Pharmaceutical Executive

Pharmaceutical ExecutivePharmaceutical Executive-02-01-2019
Volume 39
Issue 2

Pharm Exec profiles Dr. Xiaobin Wu, an accomplished leader in helming China operations at big pharmas such as Pfizer and Bayer, who believes his recent jump to biotech as GM of China and president of BeiGene will deliver his most lasting legacy.

Applying lessons gained along a prolific path in the pharma industry, including 17 years leading China operations at multinational big pharmas, Xiaobin Wu believes his jump to biotech as GM of China and president of BeiGene will deliver his most lasting career impact 

 

Dr. Xiaobin Wu has been general manager of China and president of BeiGene, Ltd. since the end of April 2018. With more than 25 years in the industry, like many executives who make the move to biotech, Wu has deep roots in traditional pharma. Prior to his most recent appointment, he was the country manager of Pfizer China and the regional president of Pfizer Essential Health for Greater China from October 2009 to last April;

Xiaobin Wu, general manager of China and president, BeiGene, Ltd.

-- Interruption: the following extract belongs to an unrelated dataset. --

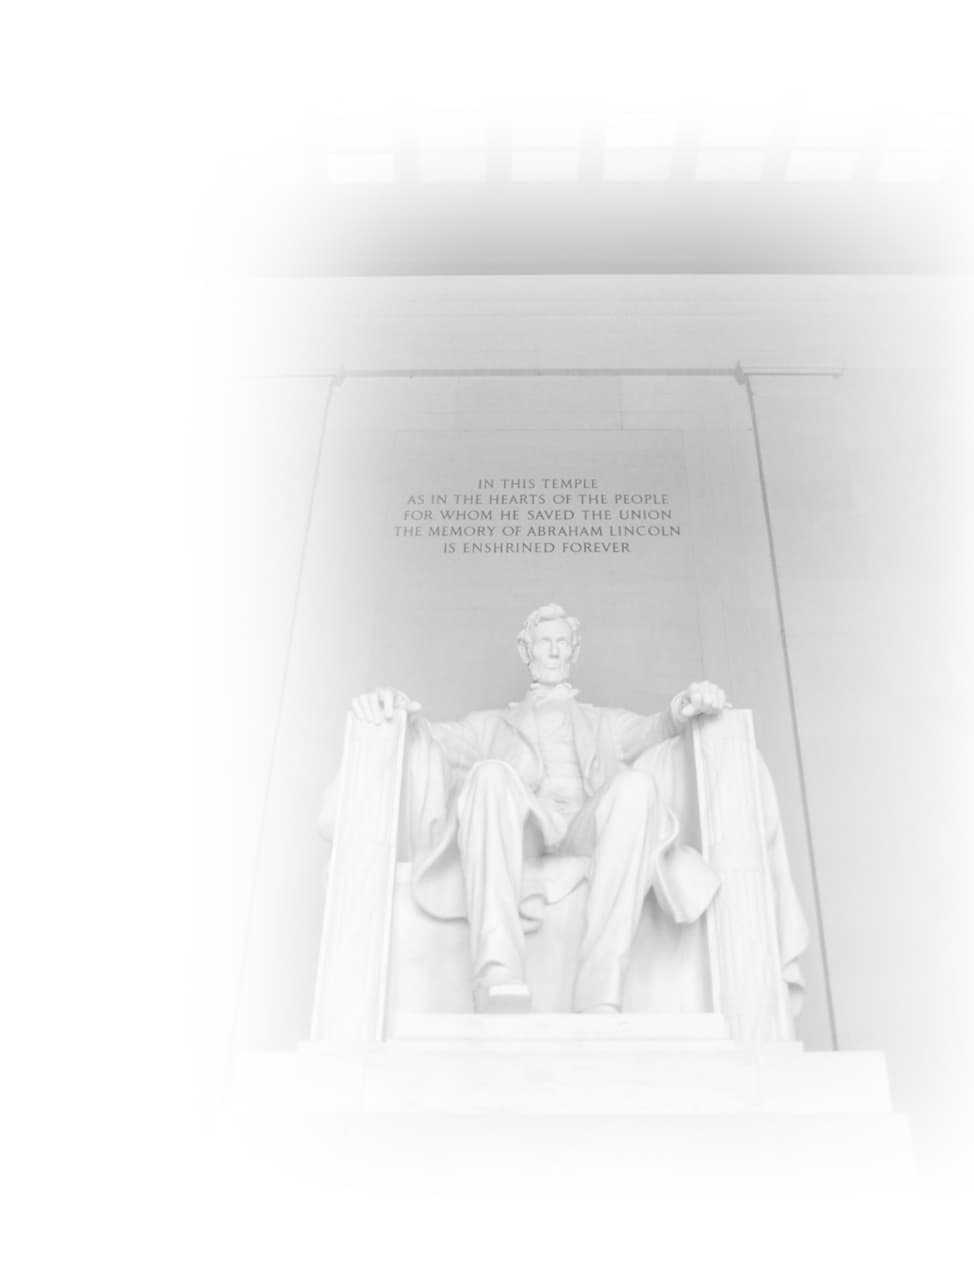 Abraham Lincoln's Statue

president and managing director of Wyeth China and Hong Kong from August 2004 to October 2009; and served in increasing roles of responsibility with Bayer, where Wu started his career in 1992 in sales and marketing in Germany. He received advanced degrees-a masters in molecular biology and PhD in biochemistry and pharmacology-at the University of Konstanz in Germany.

“When I came to Germany in the early ’80s, it was very rare for professors to see a Chinese student. I remember very clearly the first time one of them met me, he almost fell from his chair,” explains Wu. The young scientist began to understand that China itself was a mystery to most people in the West, but it didn’t hold him back from his studies. And while Wu successfully progressed along the science track, he admits that it wasn’t his true calling. “I worked very hard. I was published, but I looked at my colleagues in the laboratory and they were much better than I was,” says Wu. That was when he made the decision to alter his career pathway and take his scientific education directly to Bayer.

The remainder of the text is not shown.